▶ **Recorded information**:

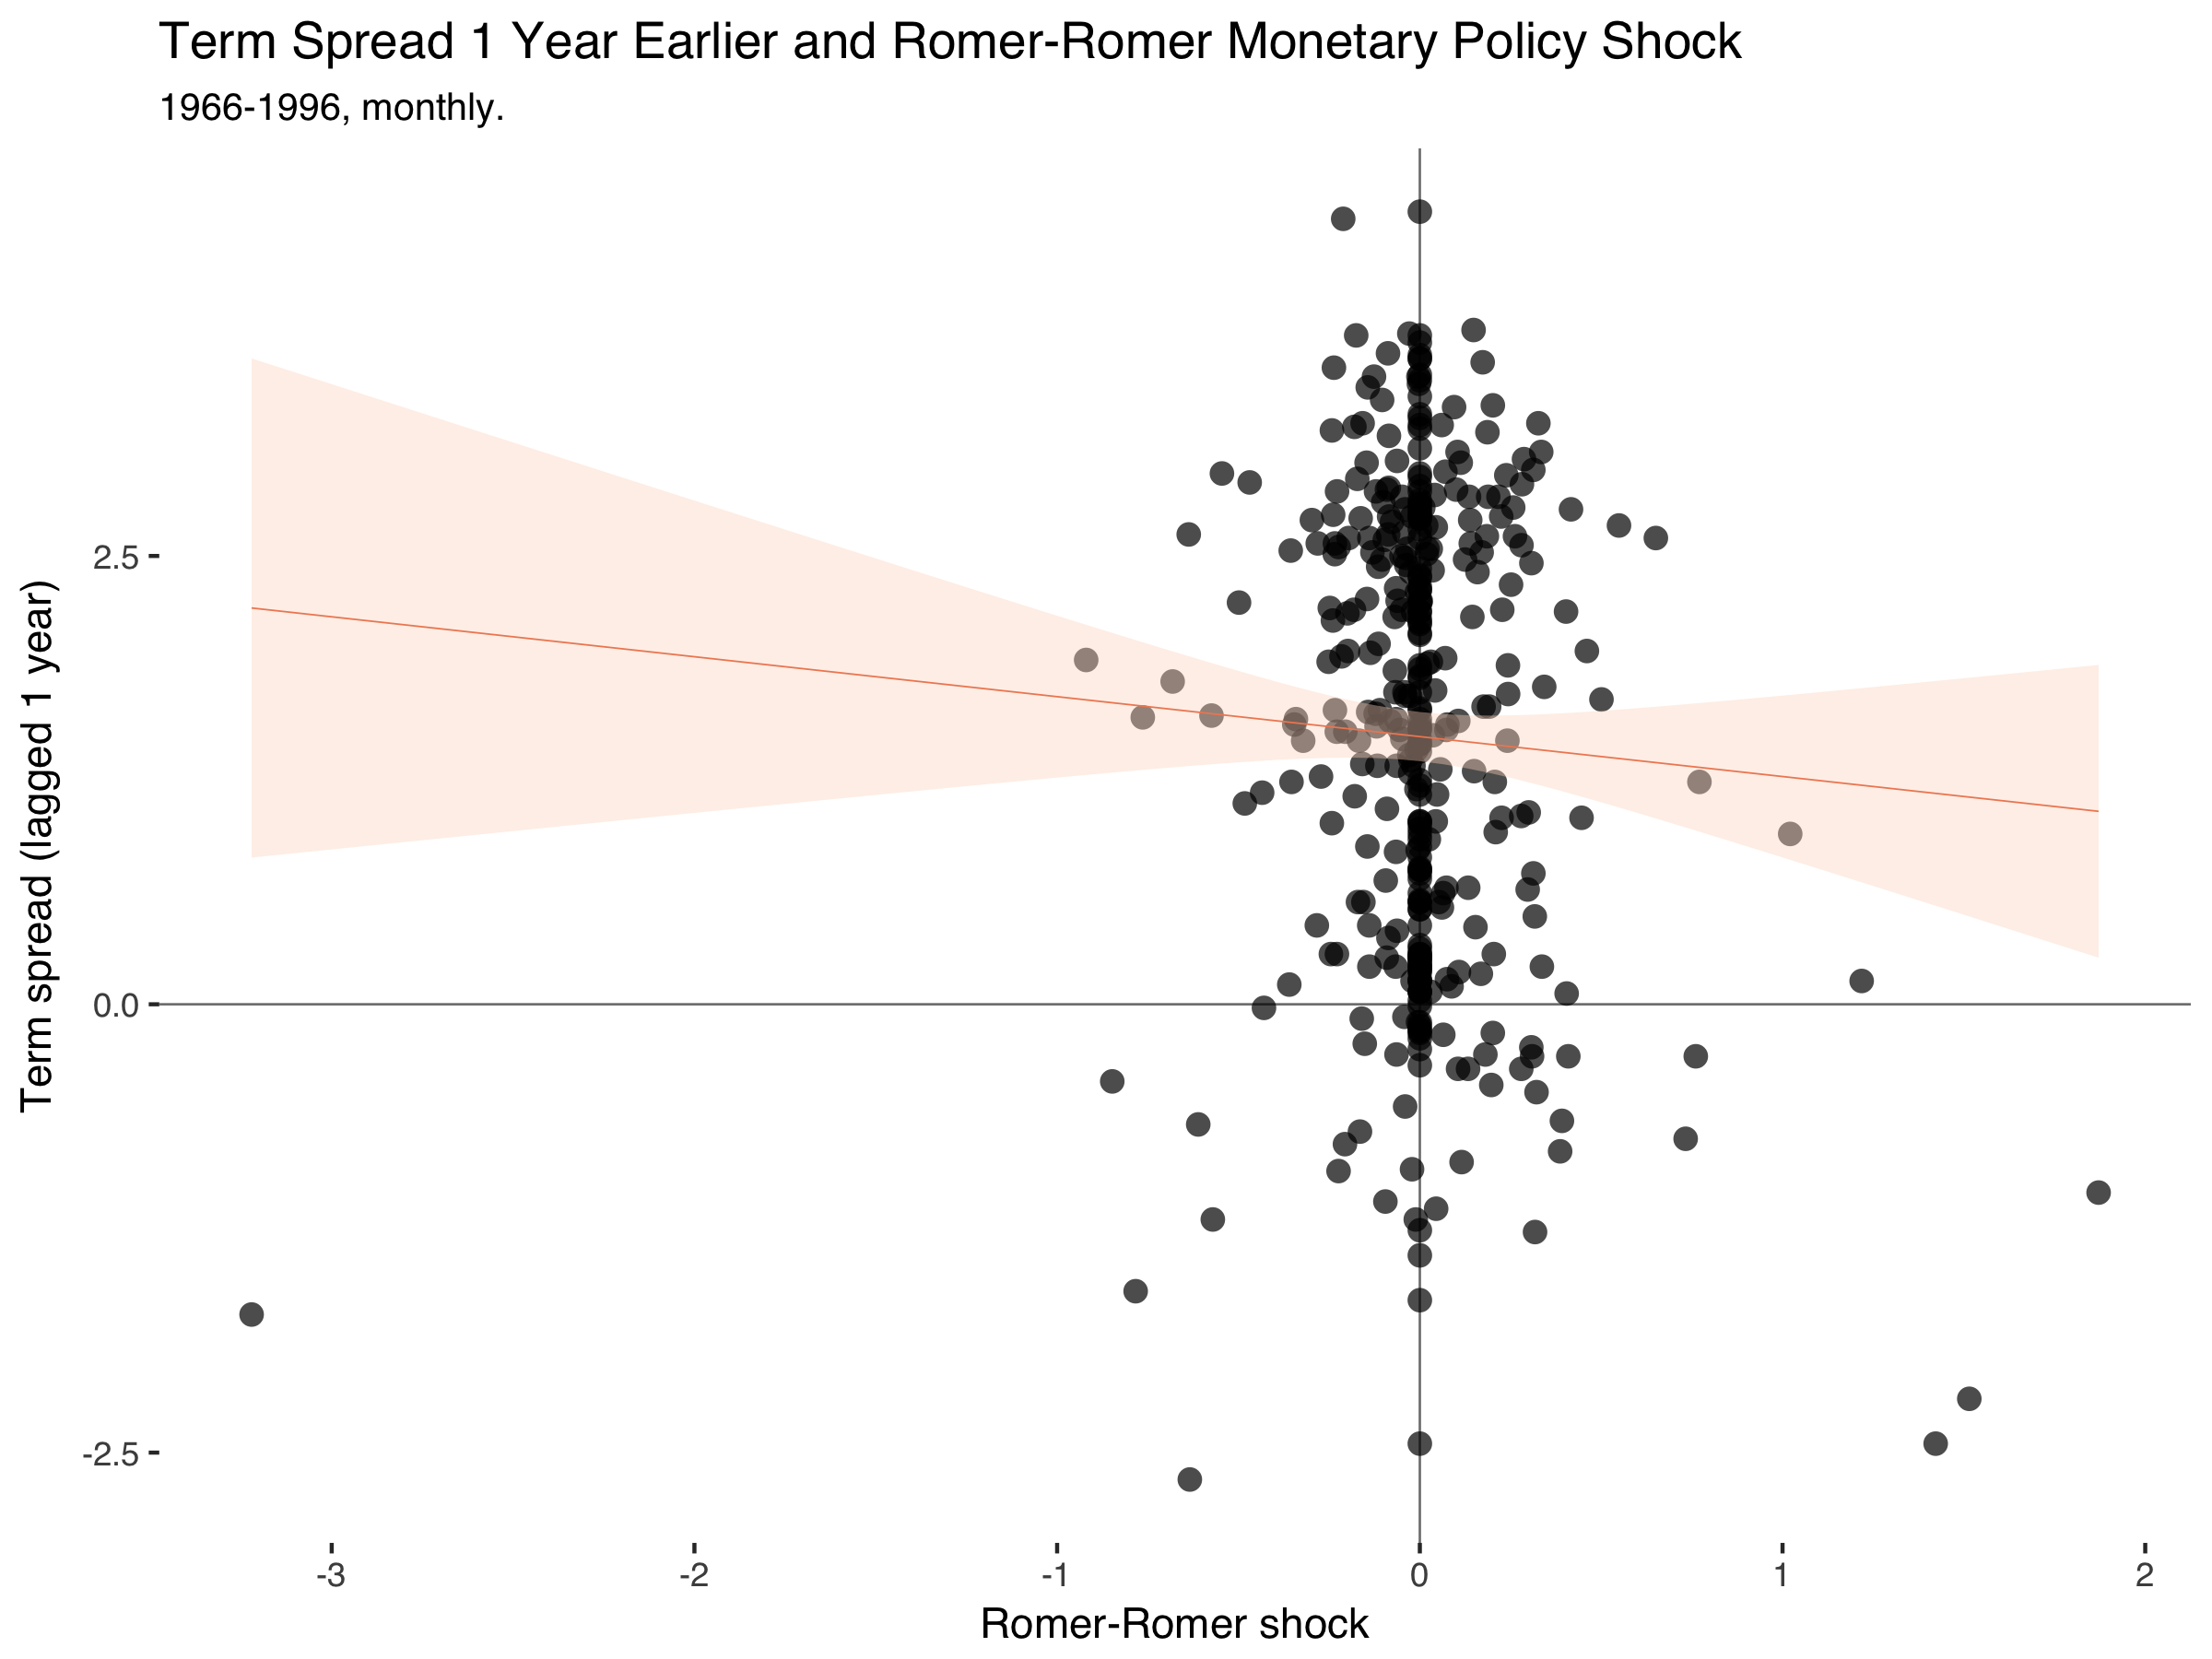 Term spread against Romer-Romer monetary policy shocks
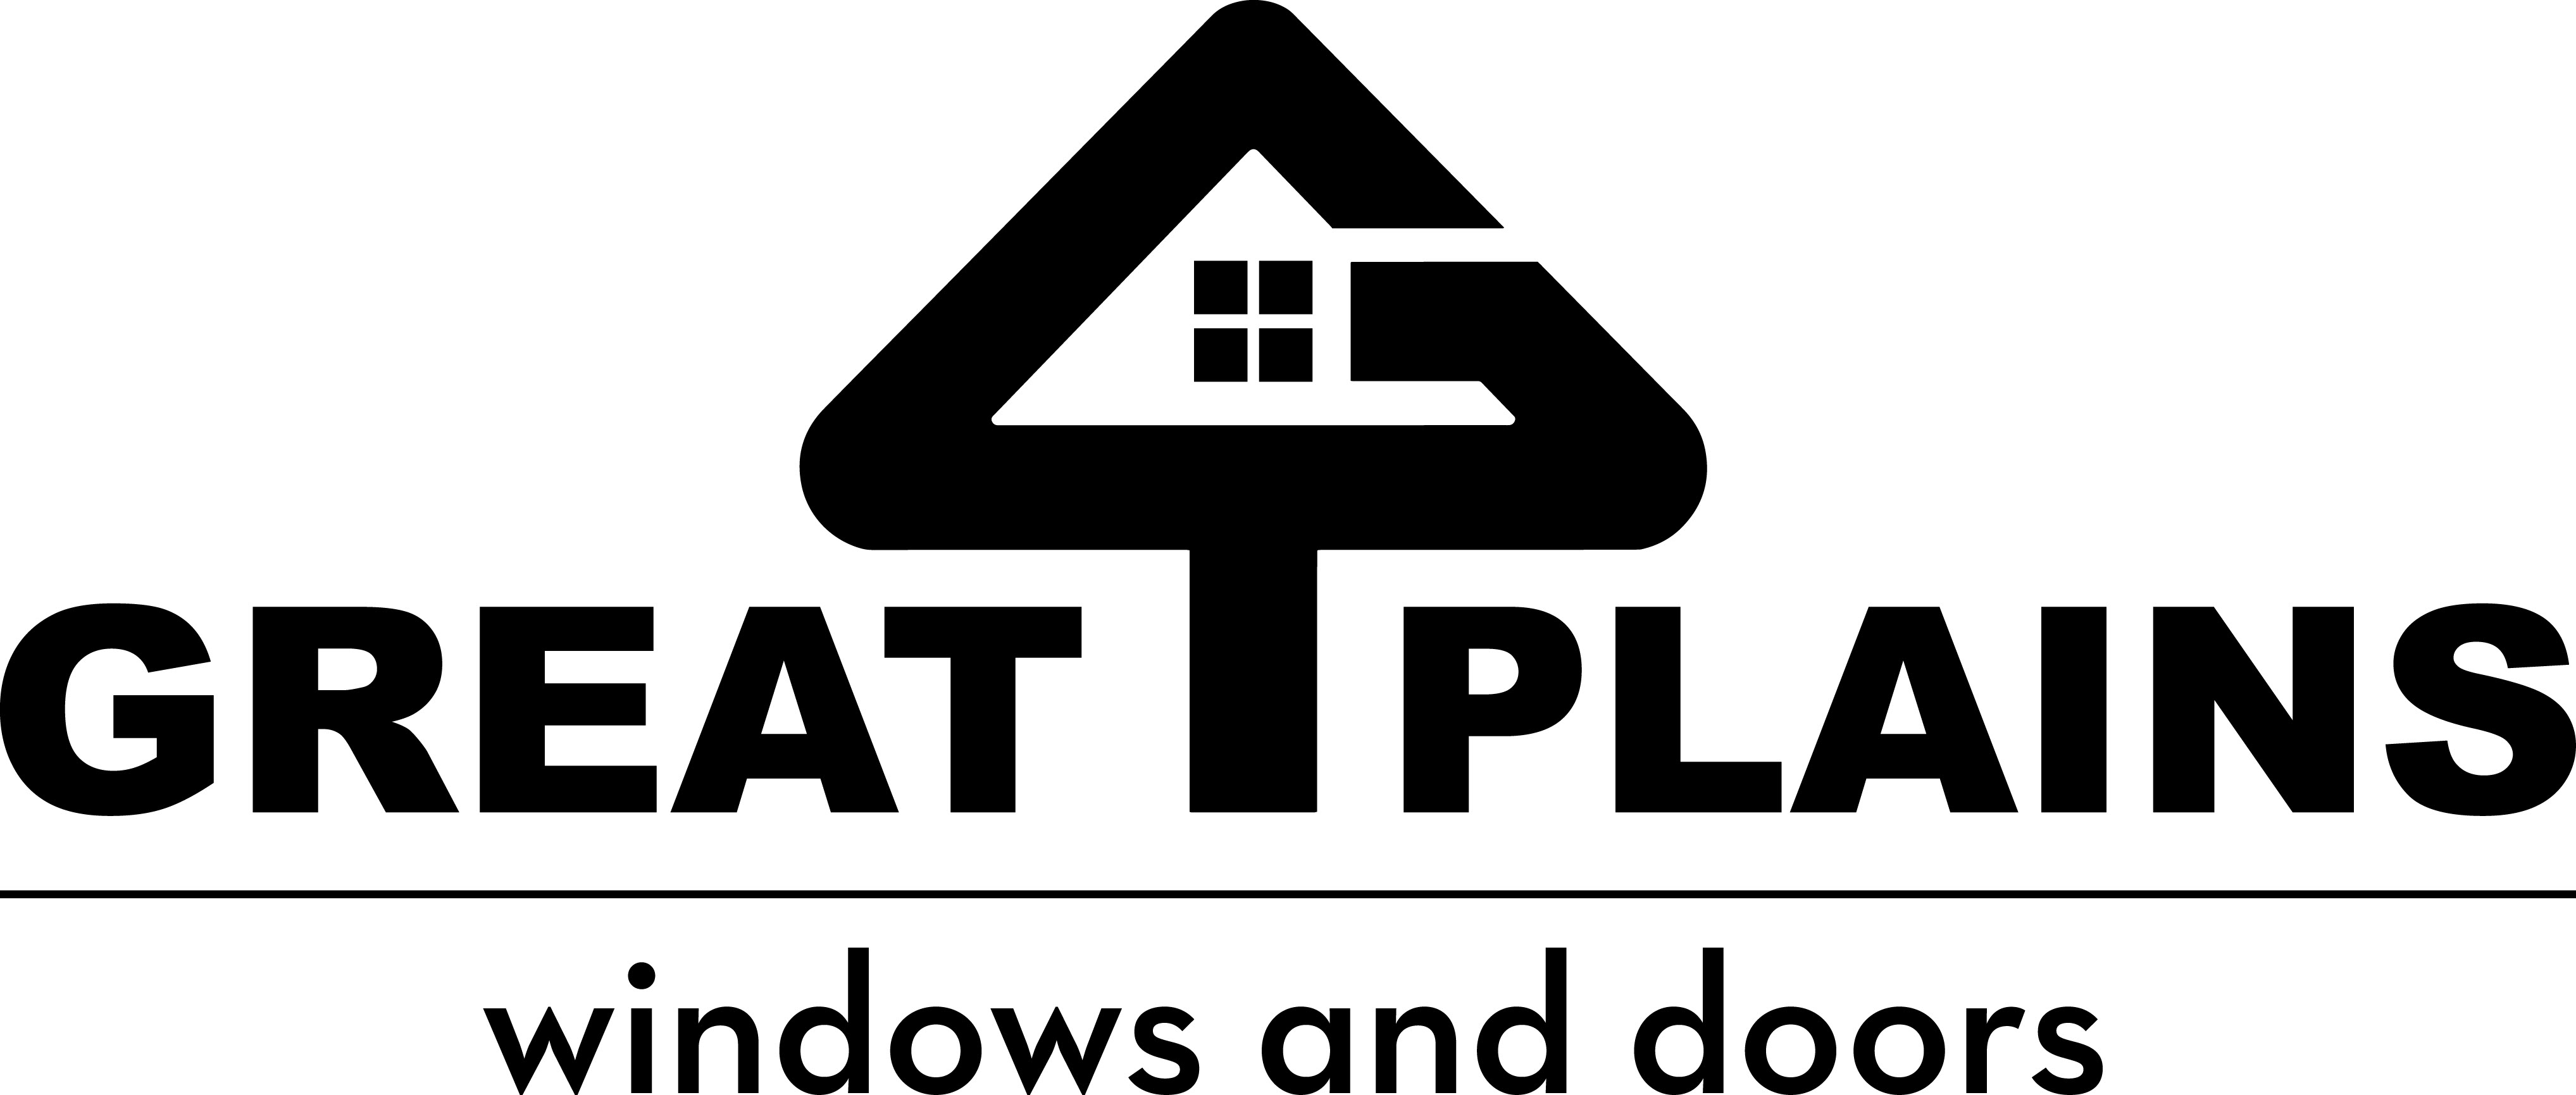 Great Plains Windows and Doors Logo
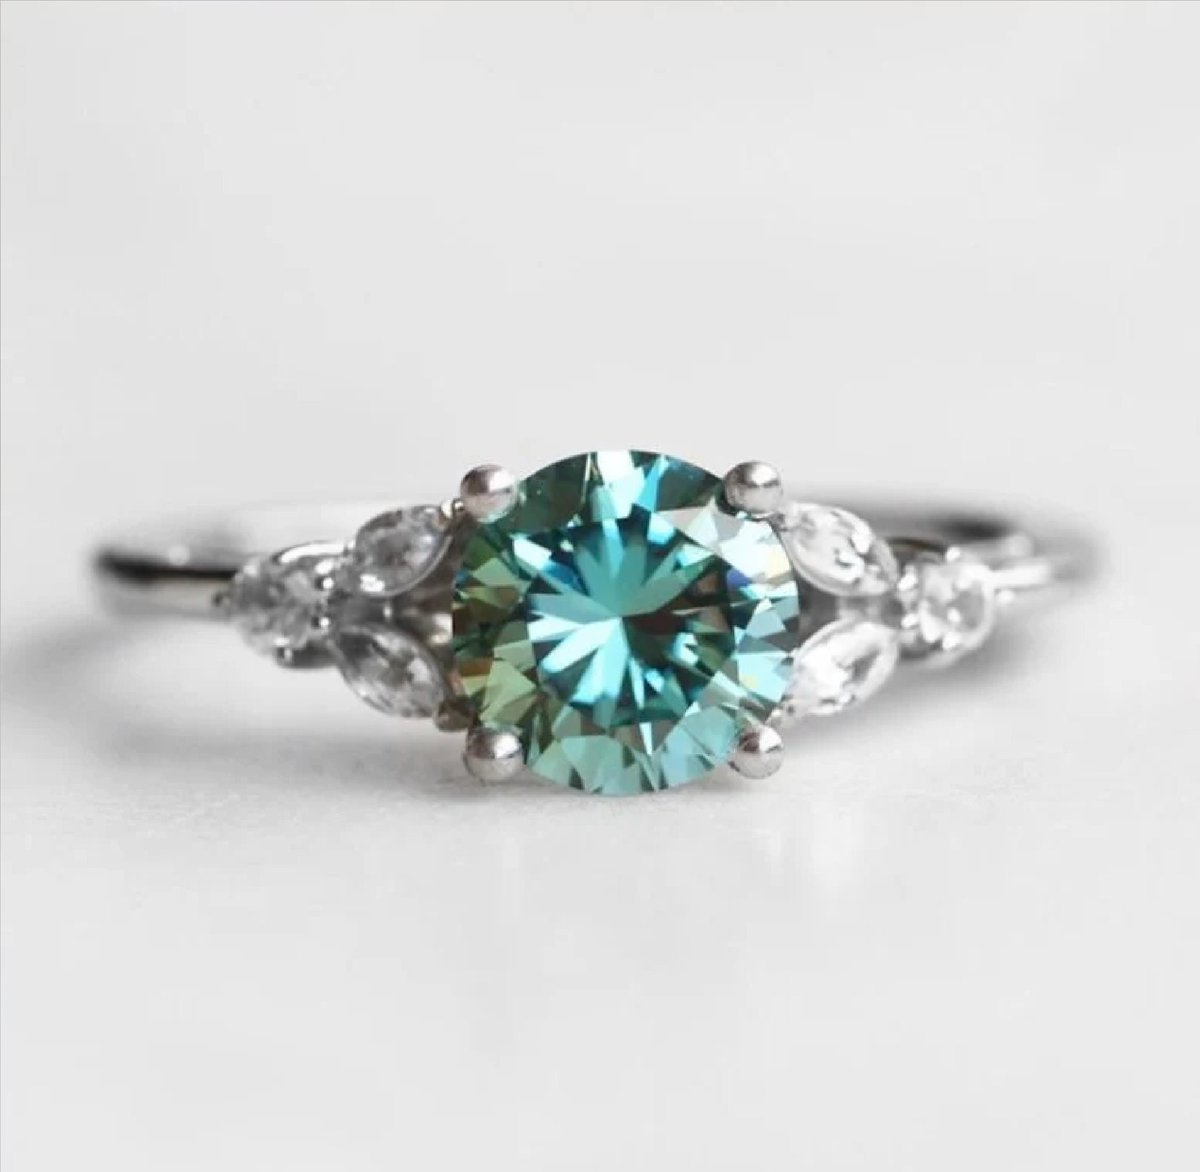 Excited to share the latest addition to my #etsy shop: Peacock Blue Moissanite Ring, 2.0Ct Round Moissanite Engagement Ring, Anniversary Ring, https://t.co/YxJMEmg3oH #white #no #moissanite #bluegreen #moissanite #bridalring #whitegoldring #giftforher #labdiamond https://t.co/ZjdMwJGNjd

▶ **The task**: Pictures are not part of the copy. Please reproduce the material word for word.

▶ **Completed task**:
 Term spread against Romer-Romer monetary policy shocks
 Great Plains Windows and Doors Logo
 Excited to share the latest addition to my #etsy shop: Peacock Blue Moissanite Ring, 2.0Ct Round Moissanite Engagement Ring, Anniversary Ring, https://t.co/YxJMEmg3oH #white #no #moissanite #bluegreen #moissanite #bridalring #whitegoldring #giftforher #labdiamond https://t.co/ZjdMwJGNjd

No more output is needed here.